Hong Kong’s benchmark Hang Seng Index is up more than 30 per cent this year, despite a plunge in April that wiped out most of its earlier gains. Chinese tech stocks have been even more volatile: Alibaba’s shares jumped 15 per cent last week alone, while shares of battery giant Contemporary Amperex Technology Co Limited (CATL) soared as much as 10 per cent on Monday (Sep 15) after being upgraded by JPMorgan Chase.
Continued volatility “has urged more issuers to accelerate their capital-expenditure plans to ensure they take some money off the table while the market remains very supportive”, said Brian Chau, co-head of Asia equity-linked deals at UBS Group.
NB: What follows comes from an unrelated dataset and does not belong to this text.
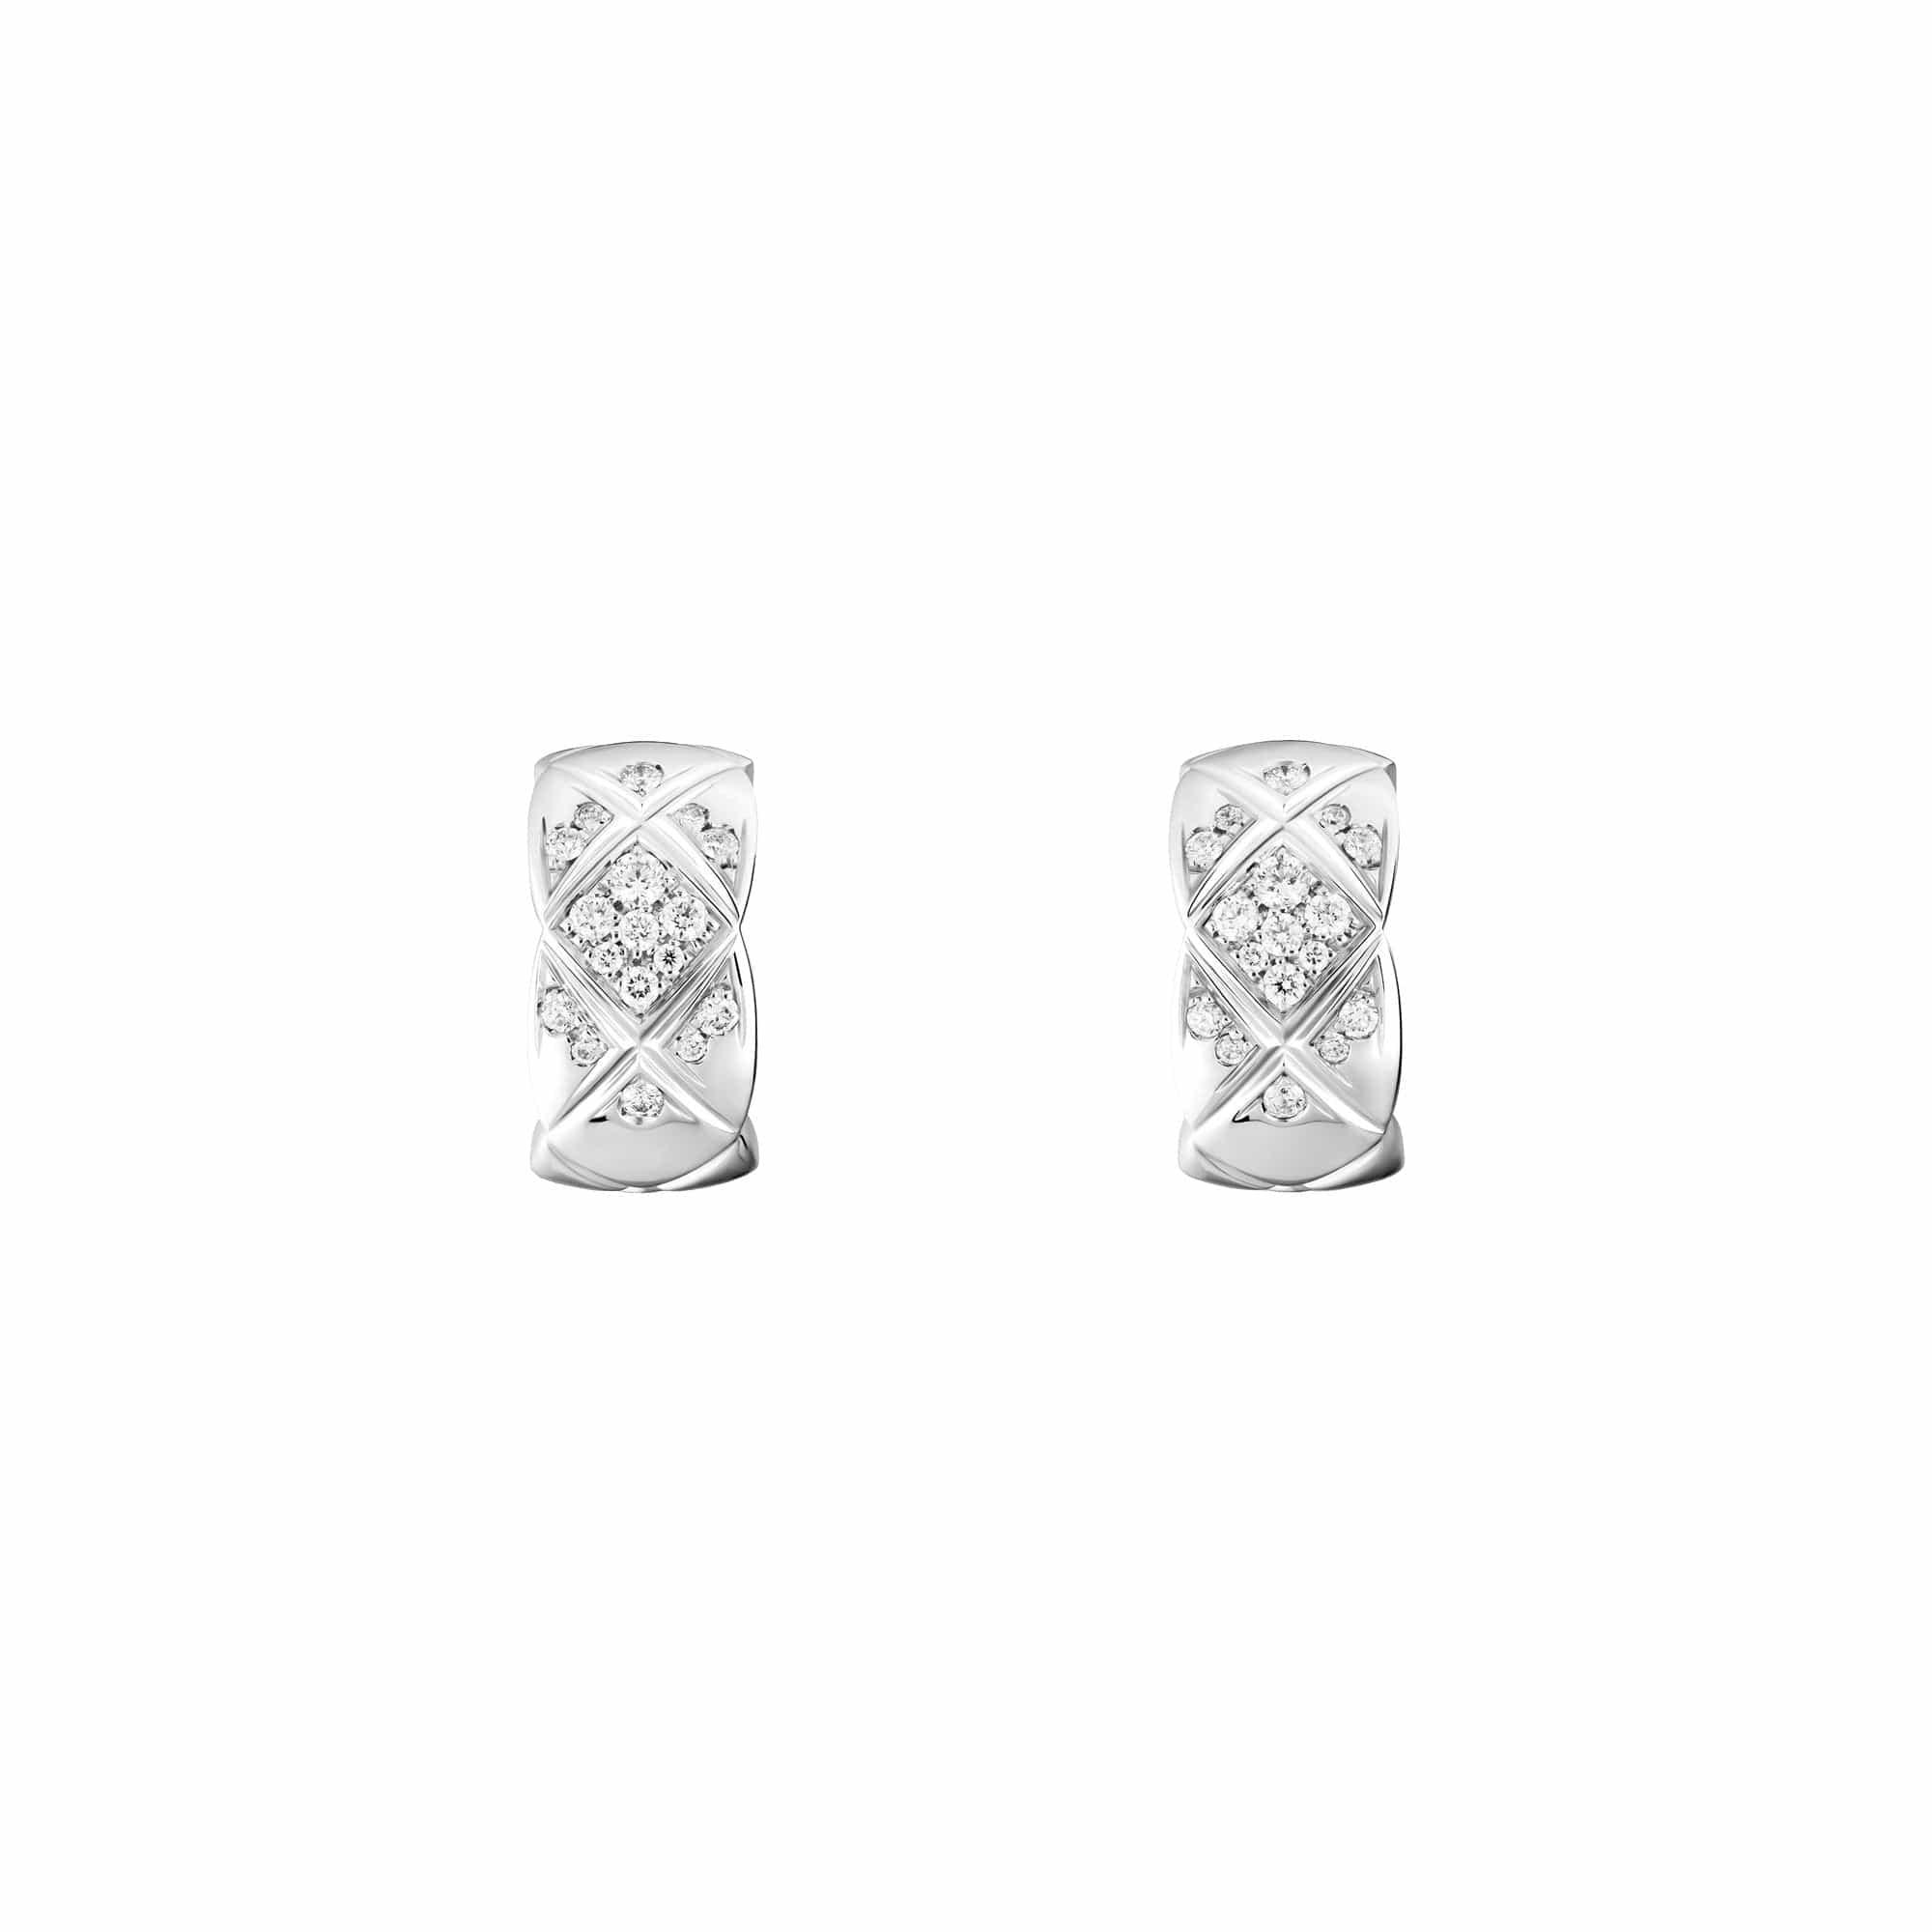 Cc earrings Chanel Silver in Metal - 38946771

Investor appetite for these deals was clear when Alibaba and China Pacific came to the market. Both deals were subscribed multiple times despite having excluded sales to certain US onshore investors under their so-called Regulation S format, according to sources familiar with the matter.
The arrangement, which exempts some US regulatory filing obligations and so makes execution faster, was also used by CATL for its US$5.2 billion listing this year.
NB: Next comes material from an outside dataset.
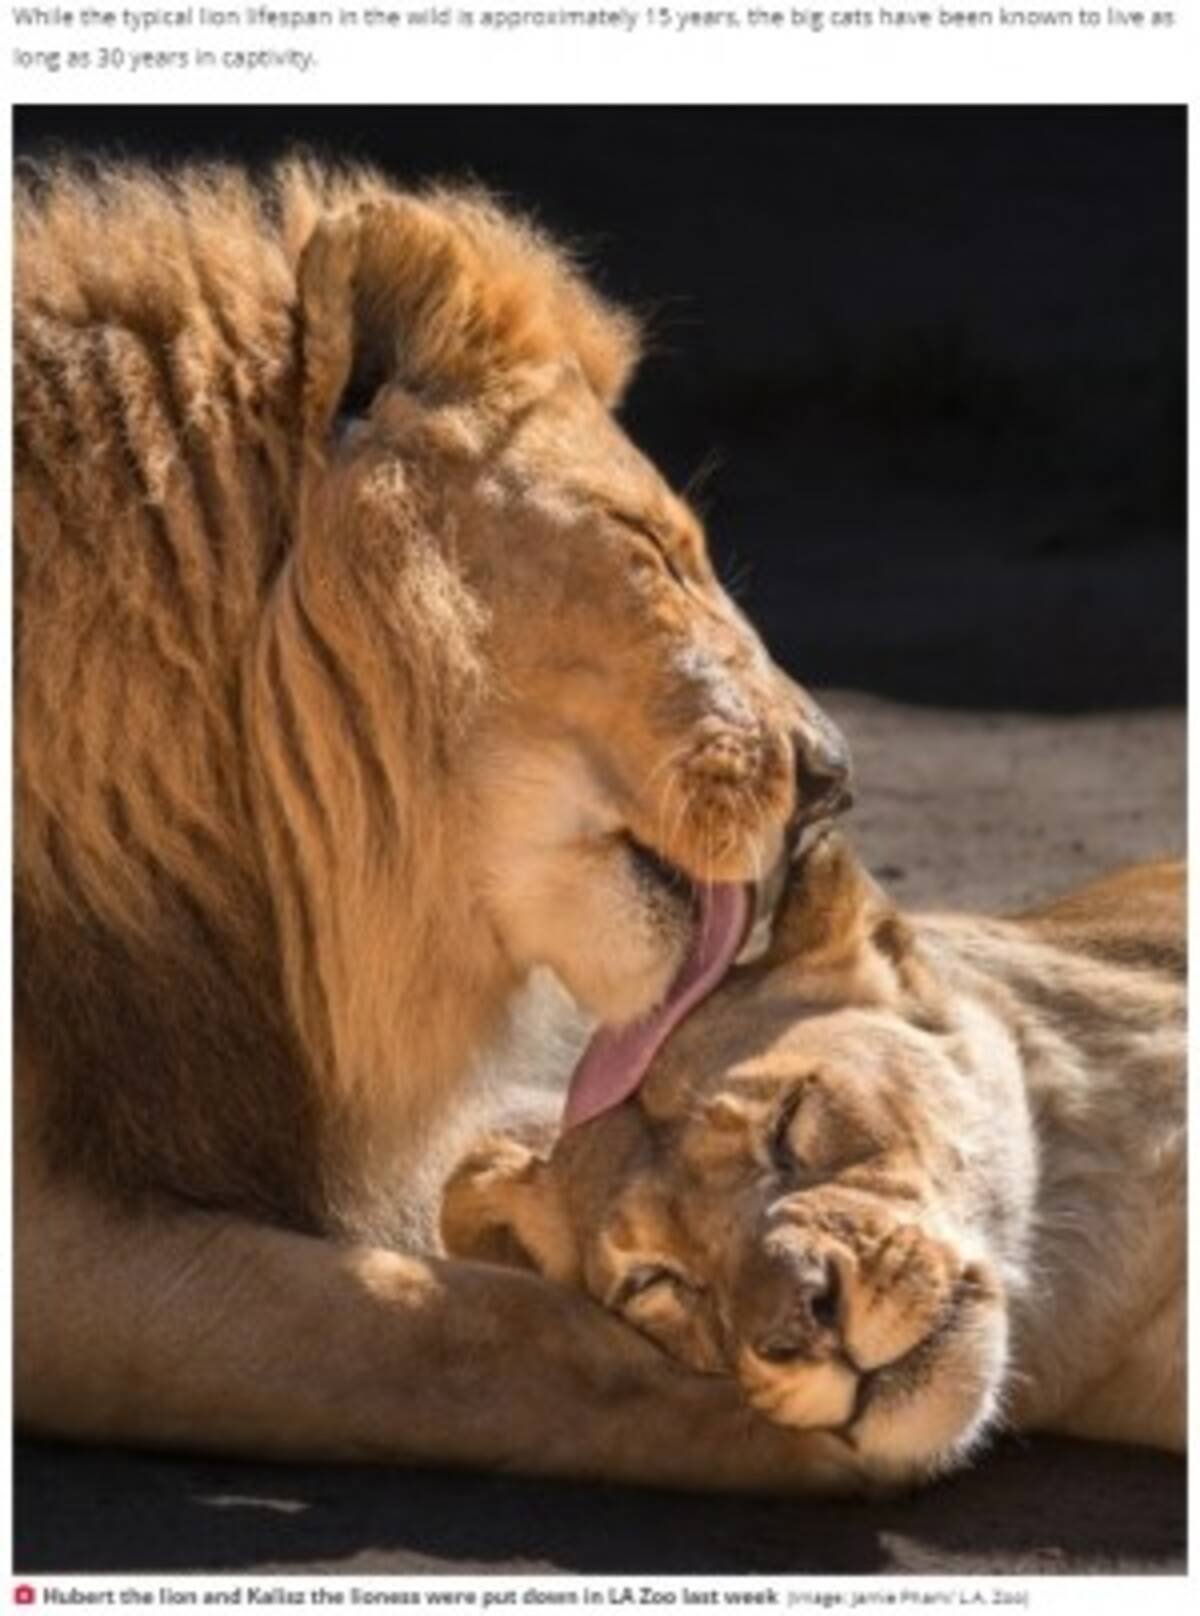 強い絆で結ばれた高齢ライオン夫婦が同時に安楽死 動物園 苦渋の決断だった 米 年8月4日 エキサイトニュース

More companies are looking to tap the equity-linked market for the first time as their peers have raised funds that way, said Rob Chan, Citigroup’s head of Asia equity capital markets syndicate. That is encouraging more executives to grasp the technicalities of a convertible-bond deal, which typically involves a hedging mechanism, Chan added.
Still, there are some hurdles for equity-linked supply. The US Federal Reserve is widely expected to cut interest rates on Wednesday, and recent data has fuelled bets on several more cuts to follow. Lower interest rates make conventional debt cheaper for companies, eroding the appeal of convertible bonds.
“If long-term rates come down quicker than expected, then some potential issuers may consider straight bonds more seriously,” said Akshay Sawhney, co-head of Asia-Pacific equity capital markets at Bank of America.
First timers
But bankers are not just relying on convertible bonds. While big first-time share sales in Hong Kong so far this year have mostly come from companies whose stock already trades in mainland China, the pipeline is building for Chinese companies looking to go public for the first time.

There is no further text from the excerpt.